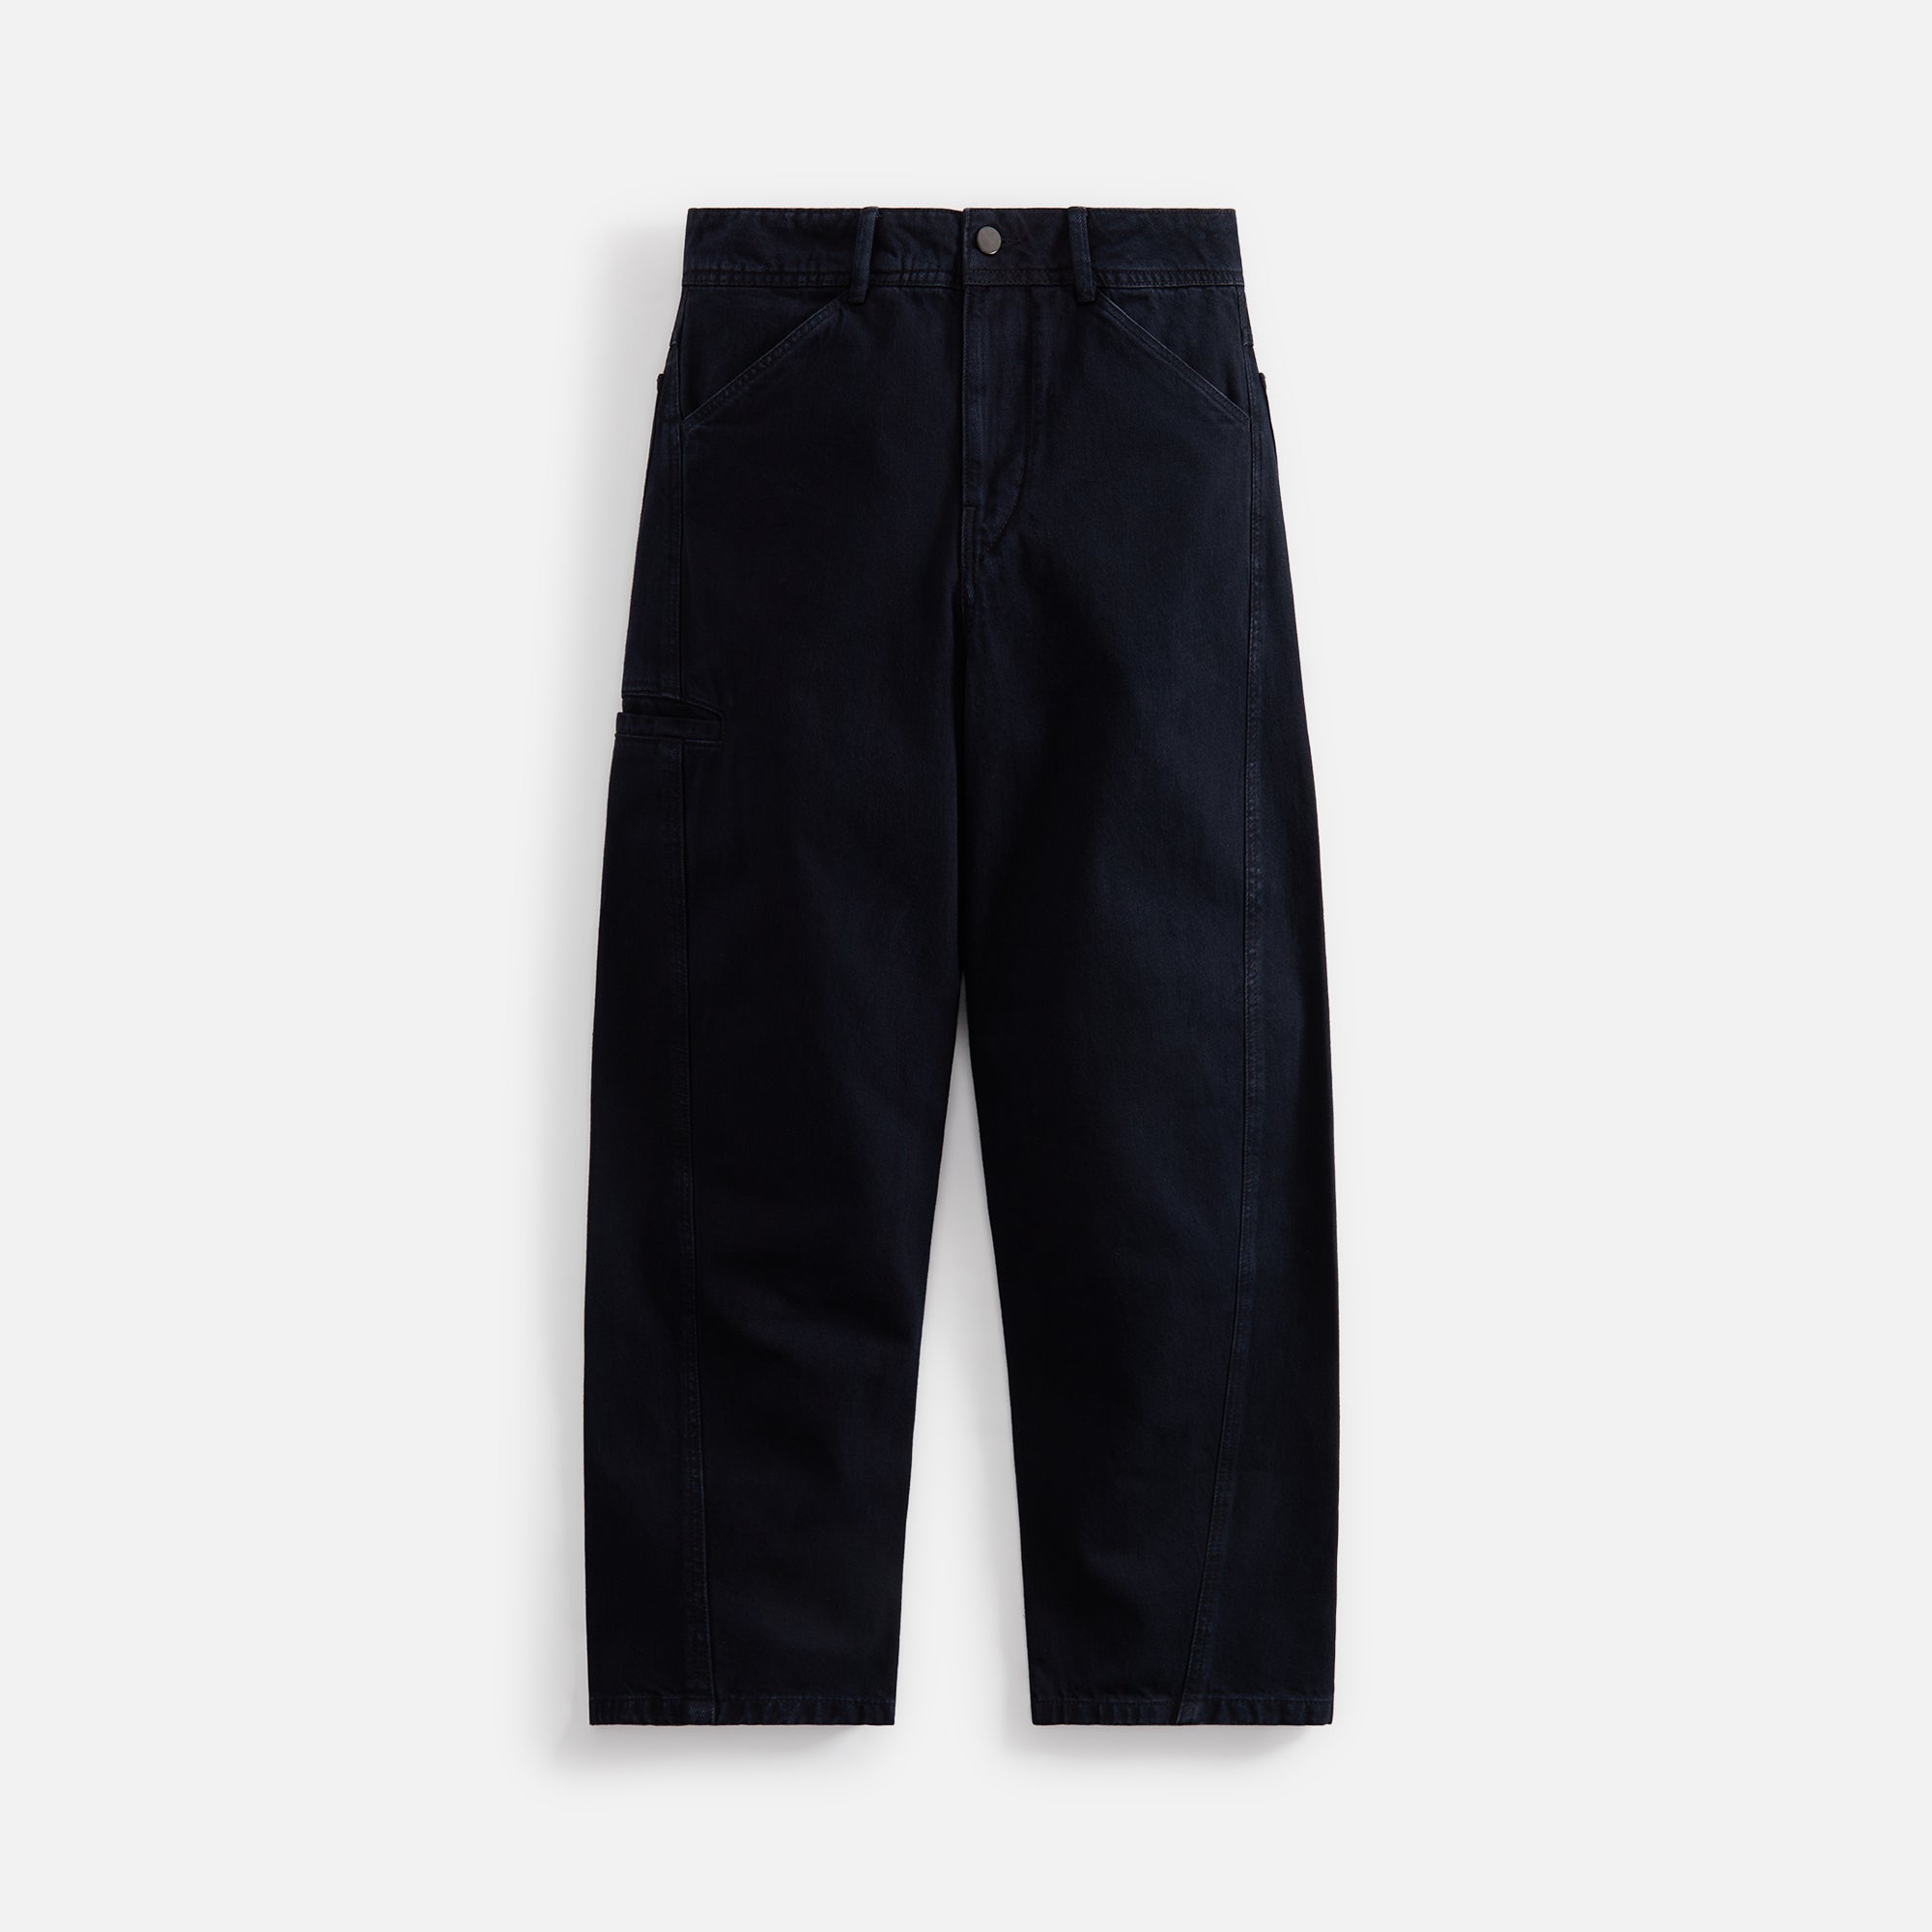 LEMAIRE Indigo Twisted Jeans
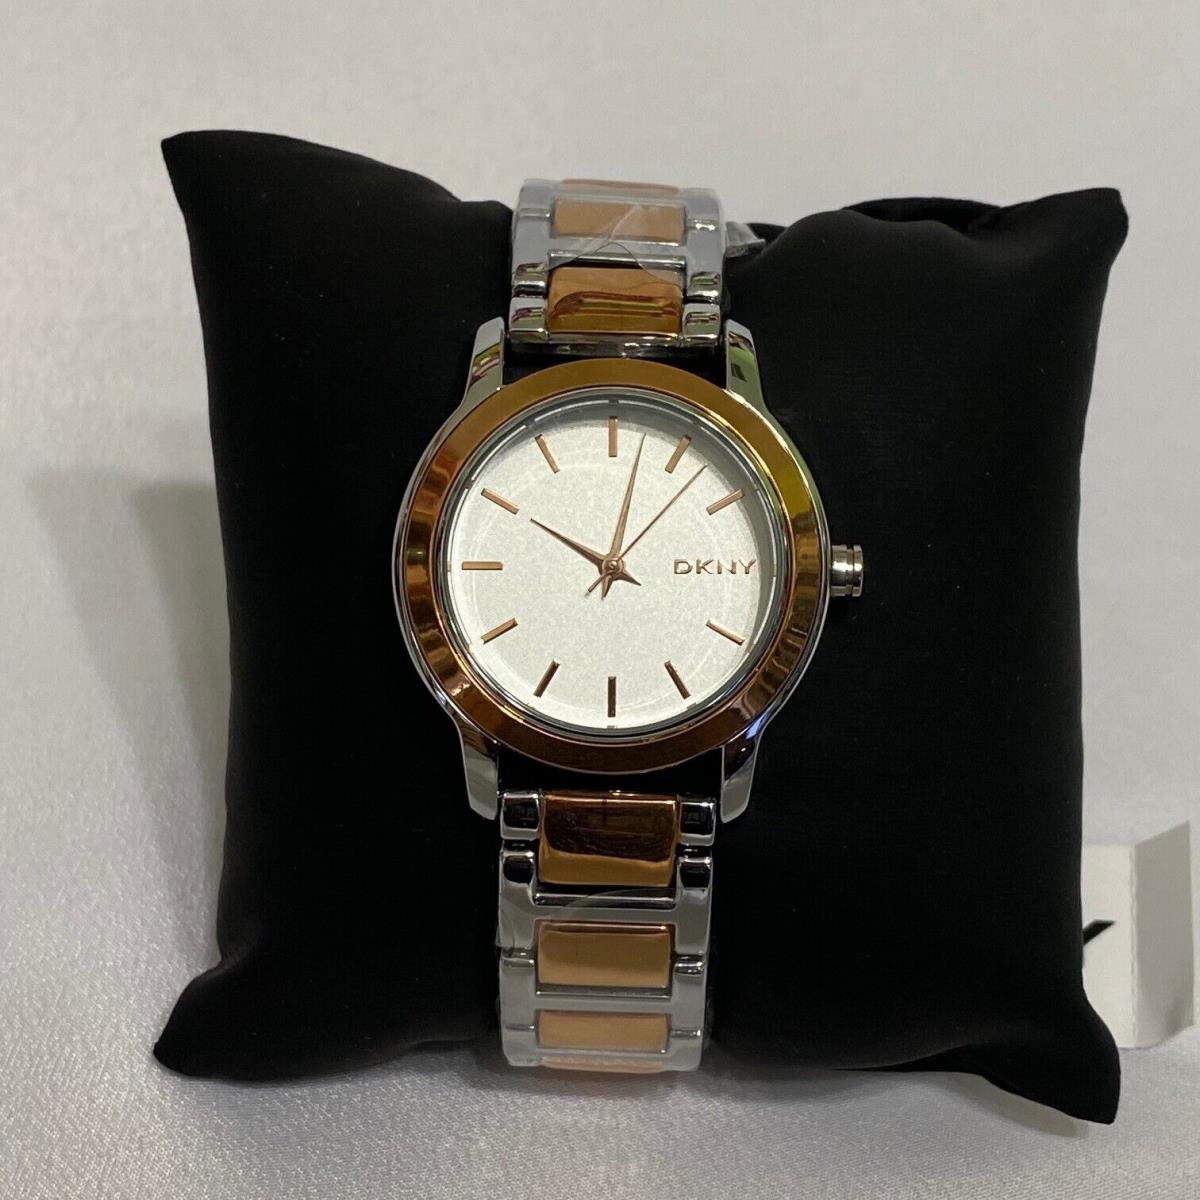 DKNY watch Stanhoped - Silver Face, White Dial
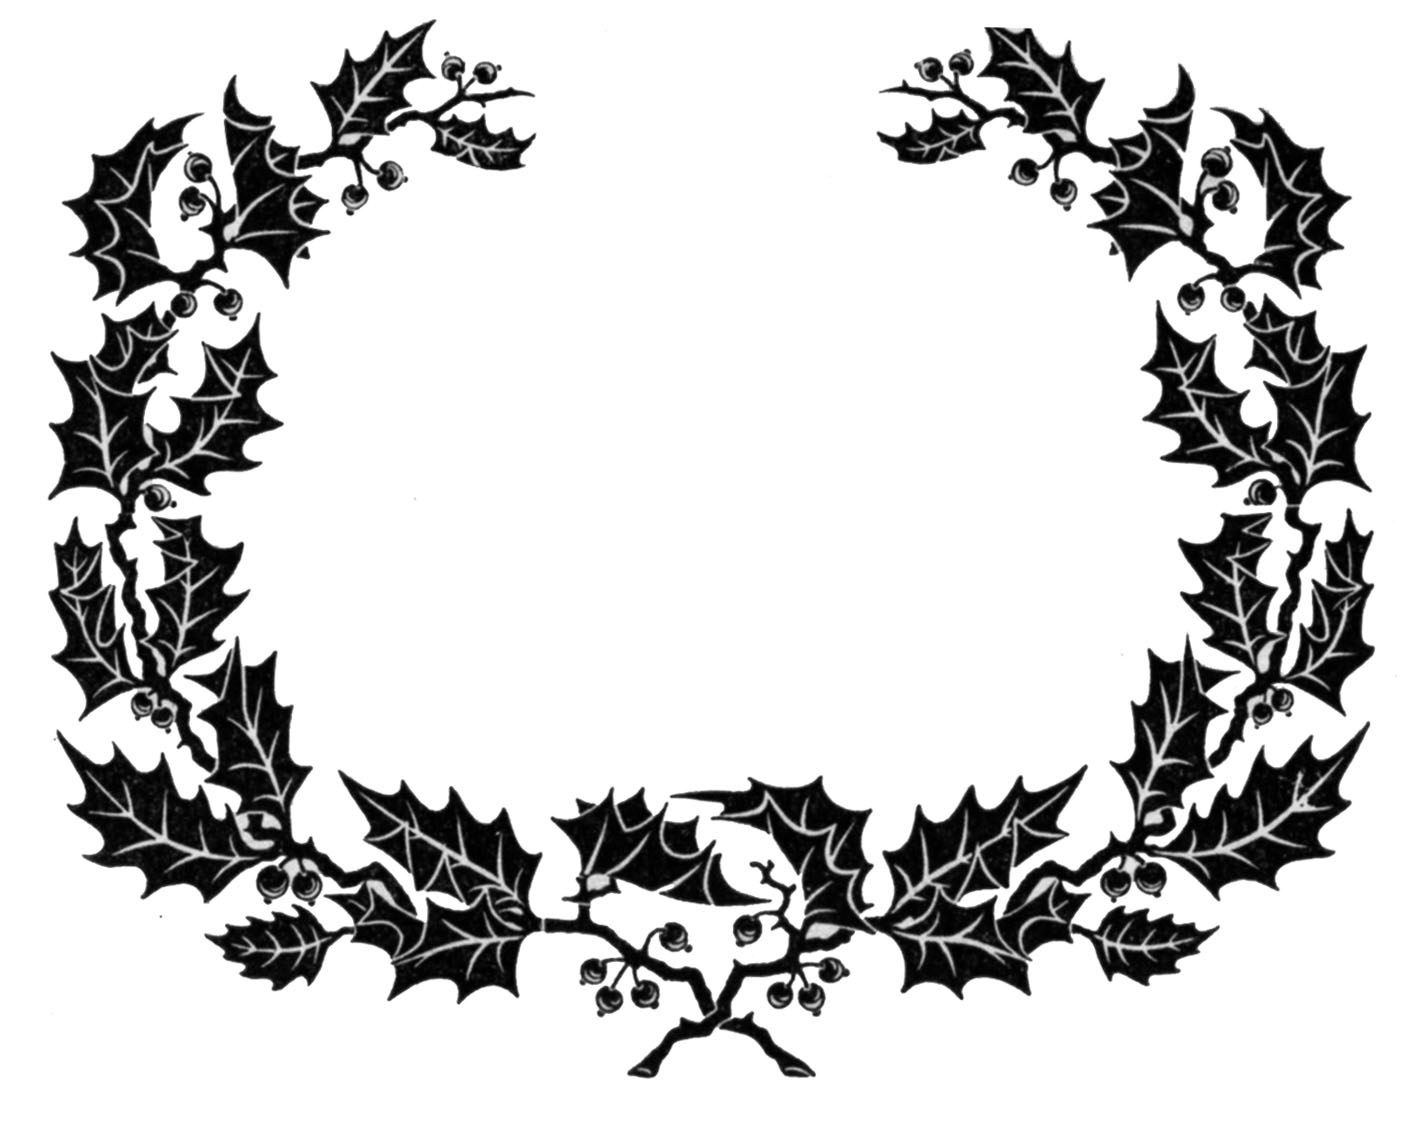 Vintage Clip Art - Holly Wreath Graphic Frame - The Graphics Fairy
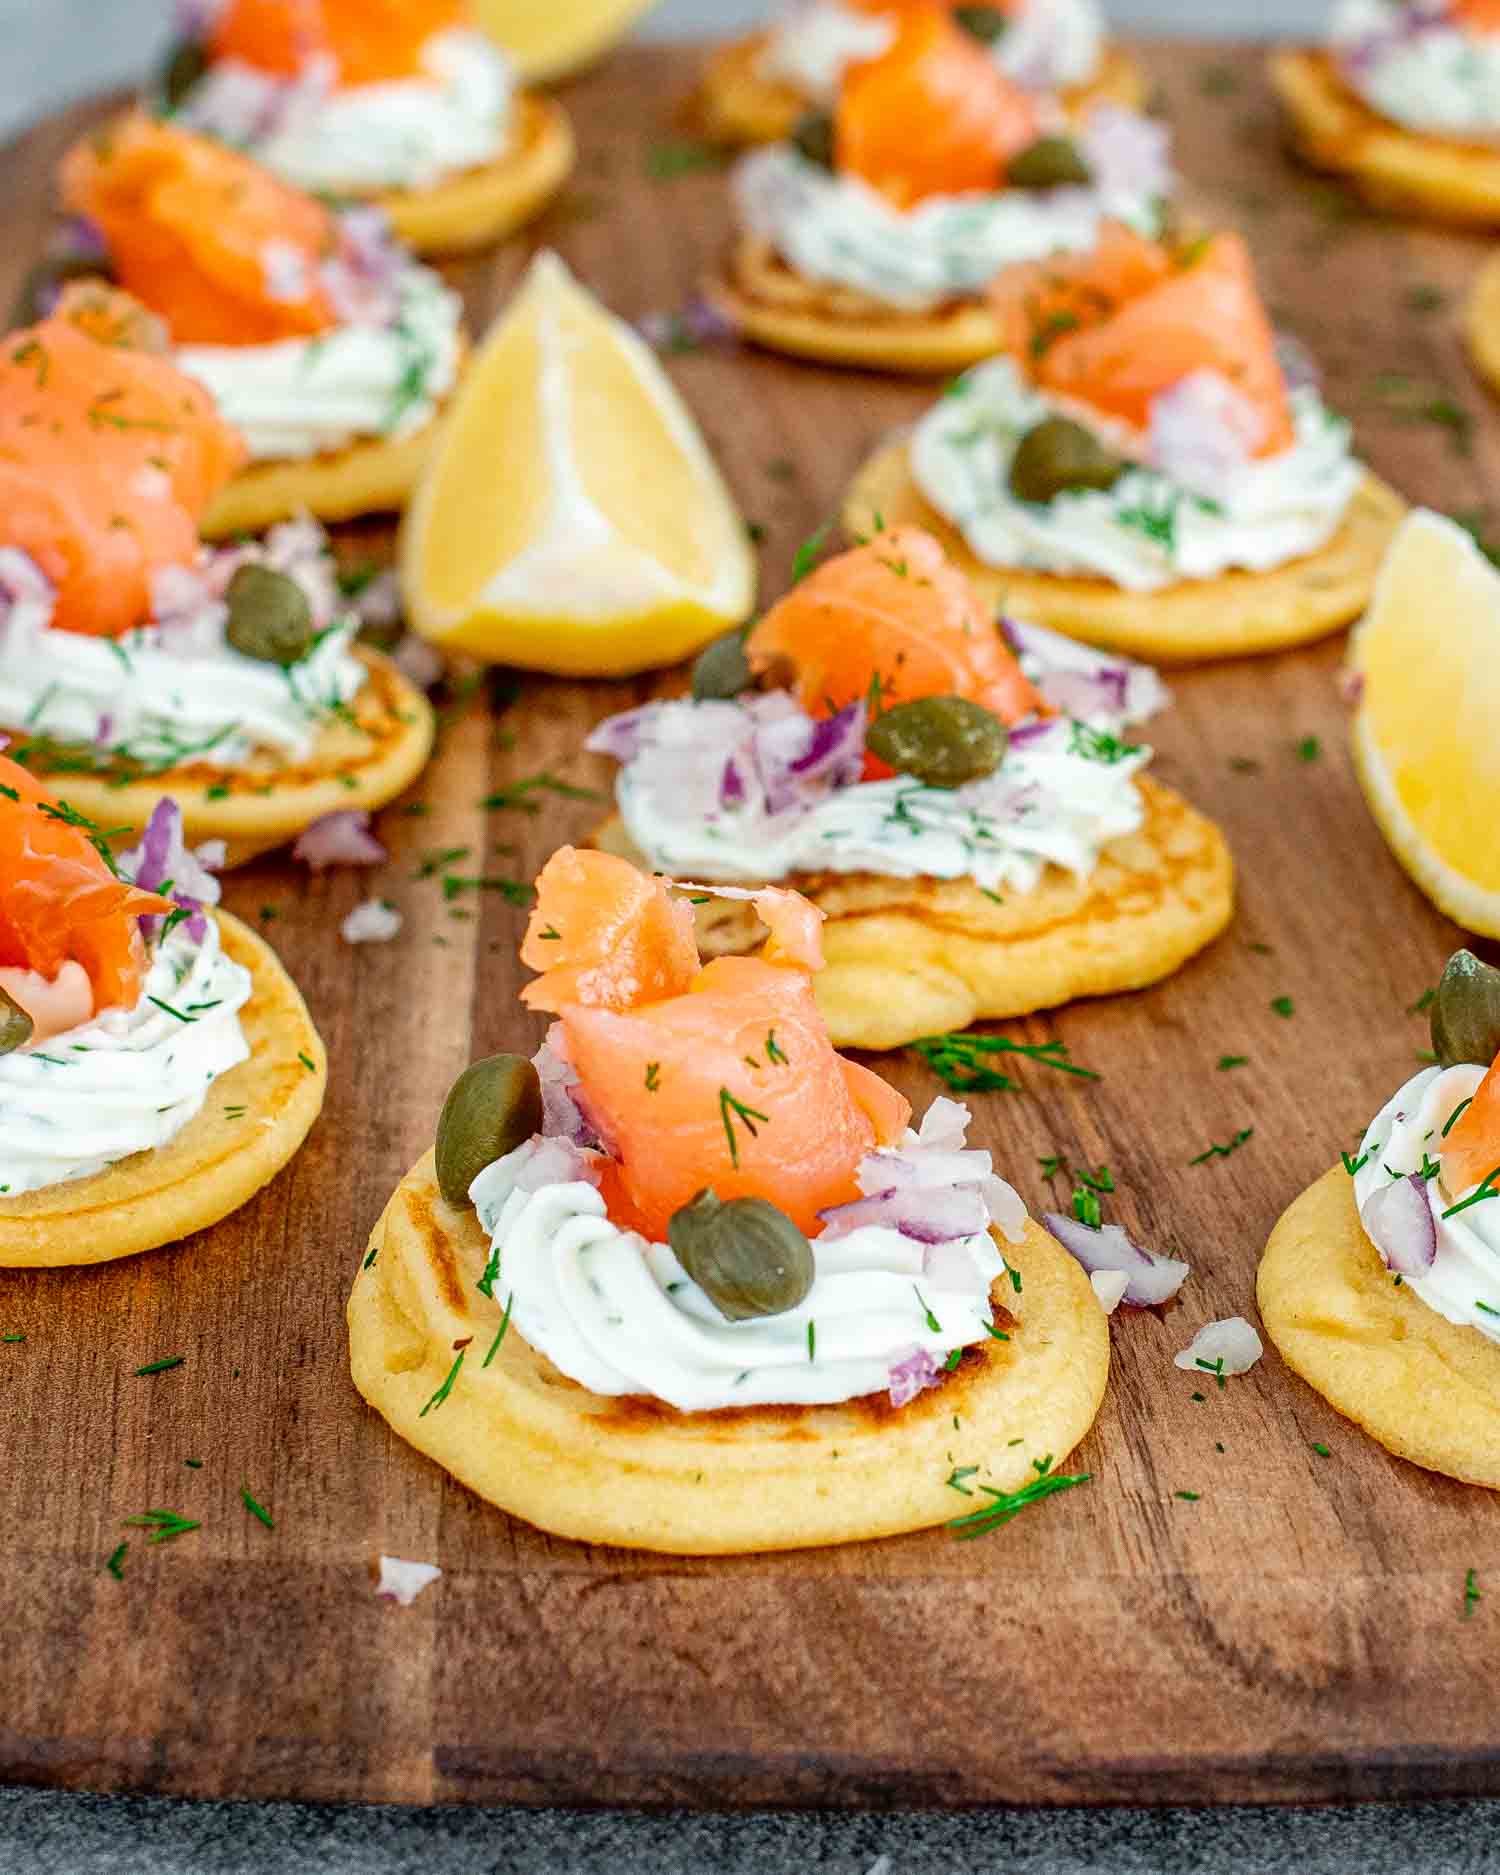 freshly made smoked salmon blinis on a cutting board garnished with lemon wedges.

> **Directions**:
Copy verbatim the span that begins at the line containing "DKNY watch Stanhoped" and ends at the last line of the material, inclusive of both; exclude pictures.

> **Task response**:
 DKNY watch Stanhoped - Silver Face, White Dial
 Vintage Clip Art - Holly Wreath Graphic Frame - The Graphics Fairy
 freshly made smoked salmon blinis on a cutting board garnished with lemon wedges.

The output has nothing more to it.